Opportunities in adversity
It has become a truism that a crisis is a terrible thing to waste. And organizations that take risks in bad times are recognized as heroes when success comes their way. But putting these principles into practice will take all the analysis, focus and nerve that corporate executives can muster.
A company’s best strategy should reflect its unique situation. With capital costly and credit tight, cash position is a key determinant of management priorities. Businesses struggling to service debt or pay suppliers are focusing on improving working capital. Those faced with shrinking markets, new competitors or technological obsolescence must transform their businesses or be left in the dust. Some companies may be vulnerable to supplier distress or have untapped sources of synergy, suggesting the need for defensive steps or an operational overhaul.
Companies with strong balance sheets have the wherewithal to consider strategic acquisitions, consolidation opportunities, organic growth or other expansive investments. On a “stress pendulum” (page 3) swinging from cash flow to cash burn, such organizations occupy the healthiest segment of the span. Their mission is “sustaining your future” — one that is far from easy to do well in these uncertain times (page 2).
Across the entire stress pendulum, one challenge is valuation, whether of growth opportunities or of an existing portfolio of assets and businesses. Always a complex exercise, projecting cash flows — the heart of valuation — is made more opaque by economic adversity, market turbulence, constricted capital markets and regulatory upheaval. The slow transaction market has also deprived buyers and sellers of current “comparable” asset prices. Today’s best valuation models incorporate multiple scenarios and variable assumptions (page 4).
Private Equity (PE) firms,like corporations, have been hit hard by current conditions. The large, highly leveraged deals that once loomed over the transaction landscape have disappeared. Yet, almost under the radar, PE firms continue to invest in mid-sized businesses (page 6). Some are utilizing alternate structures such as joint ventures with corporate partners.

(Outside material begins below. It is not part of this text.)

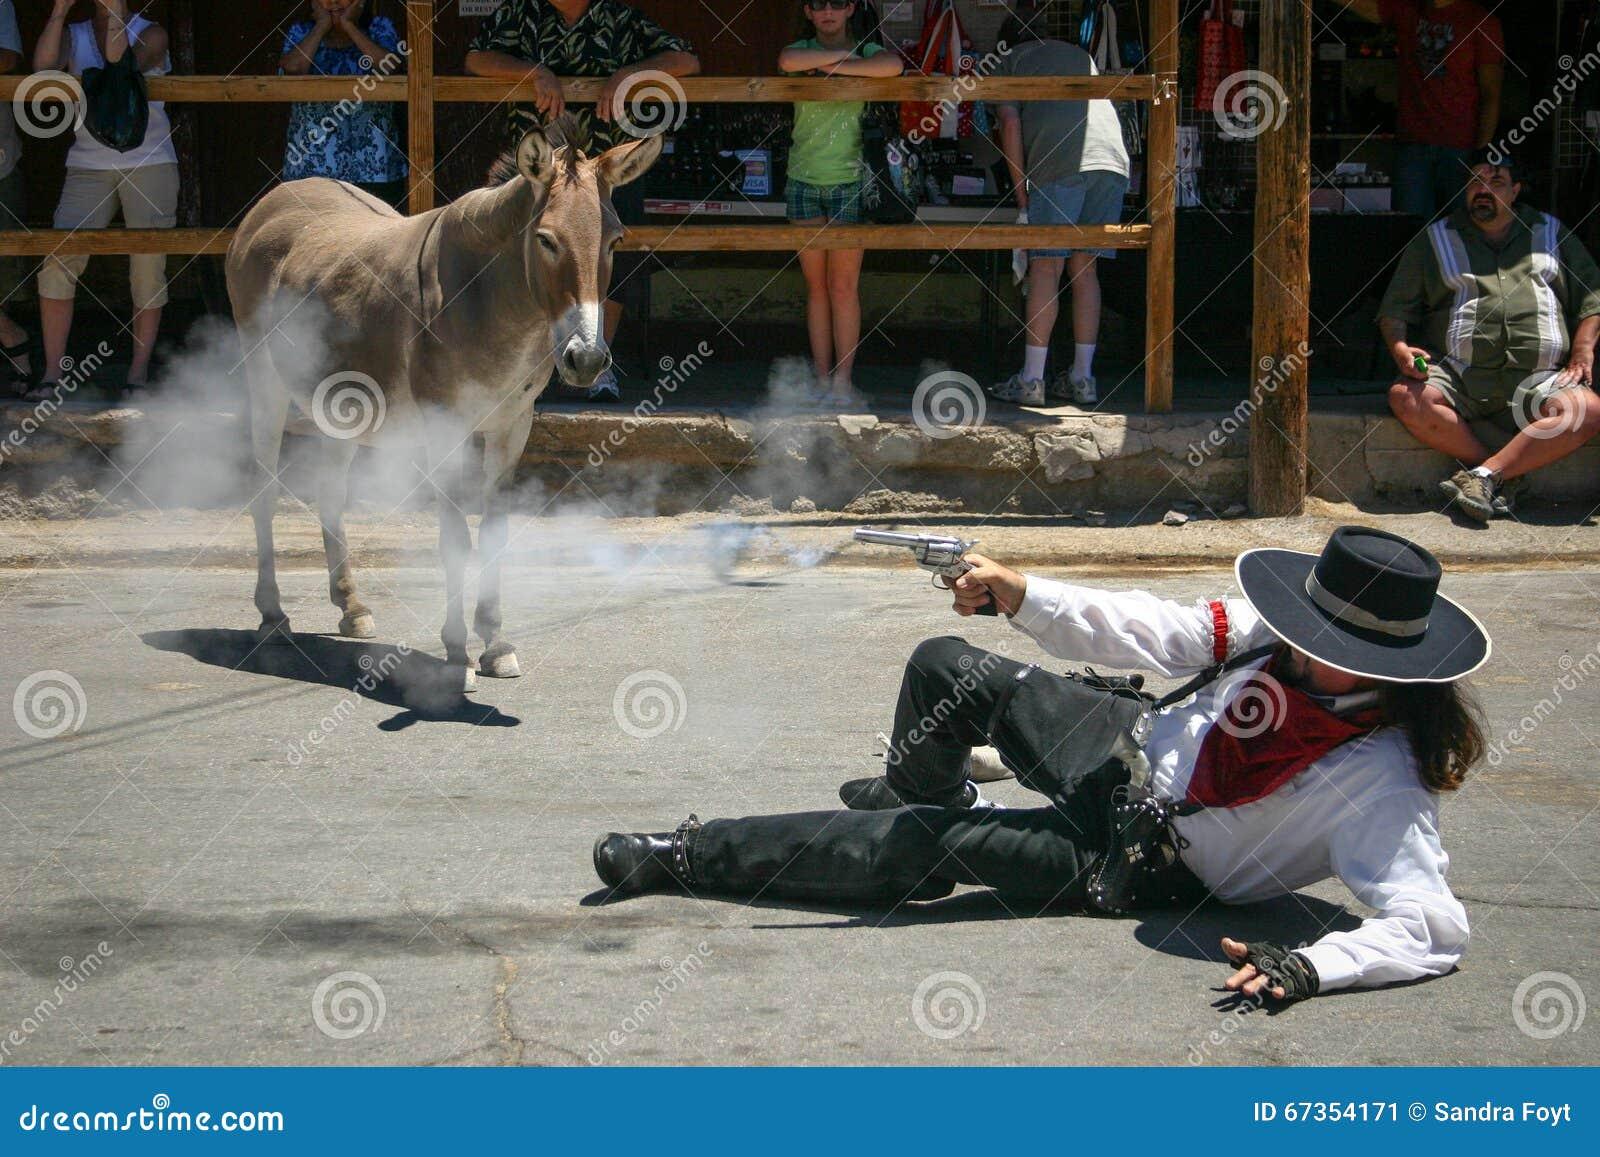 Gunslinger and the Smoking Gun - Oatman, AZ

For many of the strongest companies, “sustaining your future” means searching for promising new markets, often in emerging markets where growth projections dwarf those of the developed world. Outsized opportunities bring such risks as inadvertent exposure to corrupt practices through acquisitions. Stepped-up enforcement of the US Foreign Corrupt Practices Act (FCPA) has created the need for a new level of due diligence when assessing targets abroad (page 7). Such vigilance will help growth-minded organizations and investors make the most of opportunities in adversity.